Use any mixture of vegetables that will equal 40 oz

(makes about 52 oz  / 8 servings)

Ingredients

Use any mixture of vegetables that will equal 40 oz

(makes about 52 oz  / 8 servings)

(2 grain)          12 oz cooked red lentils (how to cook)

(2 grain)          16 oz cooked rice (or other grain)
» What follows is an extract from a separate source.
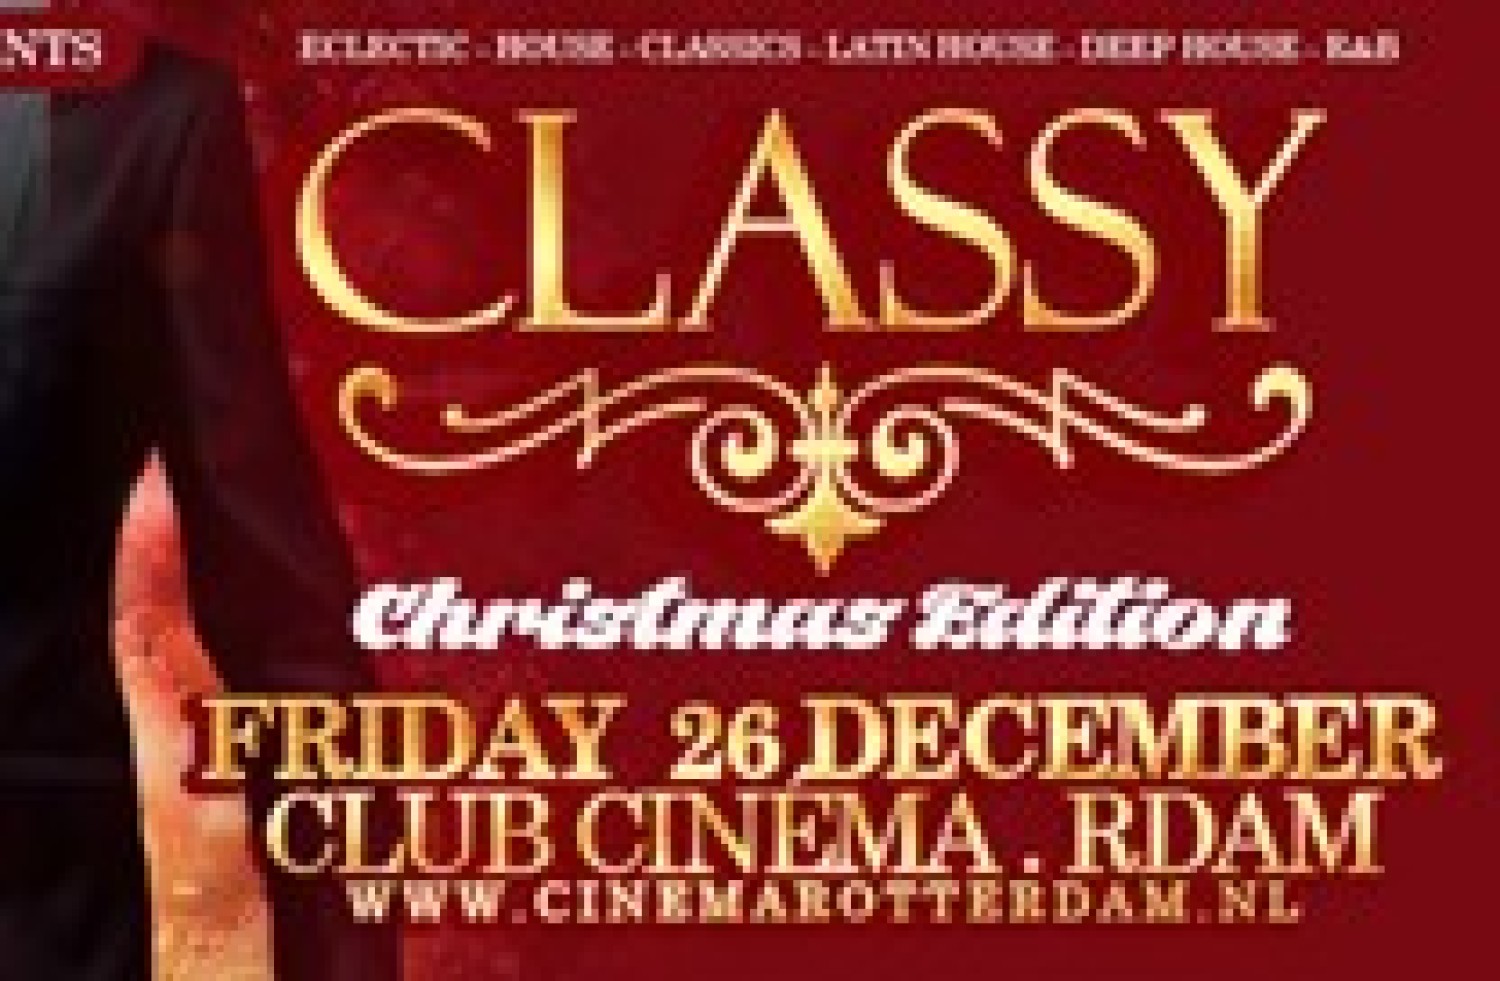 Party nieuws: Classy Christmas Edition op kerstdag in Cinema R'dam

(partial veg)     14 oz cabbage, chopped small

(partial veg)     8 oz tomatoes, crushed

(partial veg)     6 oz onions, chopped

(free)               1 clove garlic, minced

(partial veg)     5 oz carrots, chopped

(partial veg)     3 oz daikon, chopped

(partial veg)     2 oz celery, chopped

(partial veg)     2 oz red pepper, chopped

(free)               6 cups water* divided

(free)               4 Tbsp Chicken Flavored Seasoning

(free)               1 tsp Sambal Oelek chili sauce, optional

(free)               1 tsp salt

Instructions

  1. Preheat large pot, add onions and sauté to caramelize. 
  2. Add garlic, and cook for another minute, taking care that it doesn’t burn then add the cabbage, carrots, daikon, celery, red pepper and about 2 cups of the water. Bring to boil, cover and cook until the vegetables are tender. (If using Instant Pot, cook 3 minutes then quick release).
  3. Add the crushed tomatoes, Chicken Flavored Seasoning, salt, chili sauce and remainder of the water. Stir to combine.
  4. Divide the soup into 8 servings and serve hot. (For more accuracy in dividing the soup place a strainer over a large pot. Ladle/pour soup mixture into strainer. Let the vegetables drain then portion. Then add the broth). 
  5. Store leftovers in refrigerator and use within 5 days or freeze.

Notes/Tips

  • Substitute rice with any grain of your choice.
  • Substitute water with broth or cooking water from cooked grains.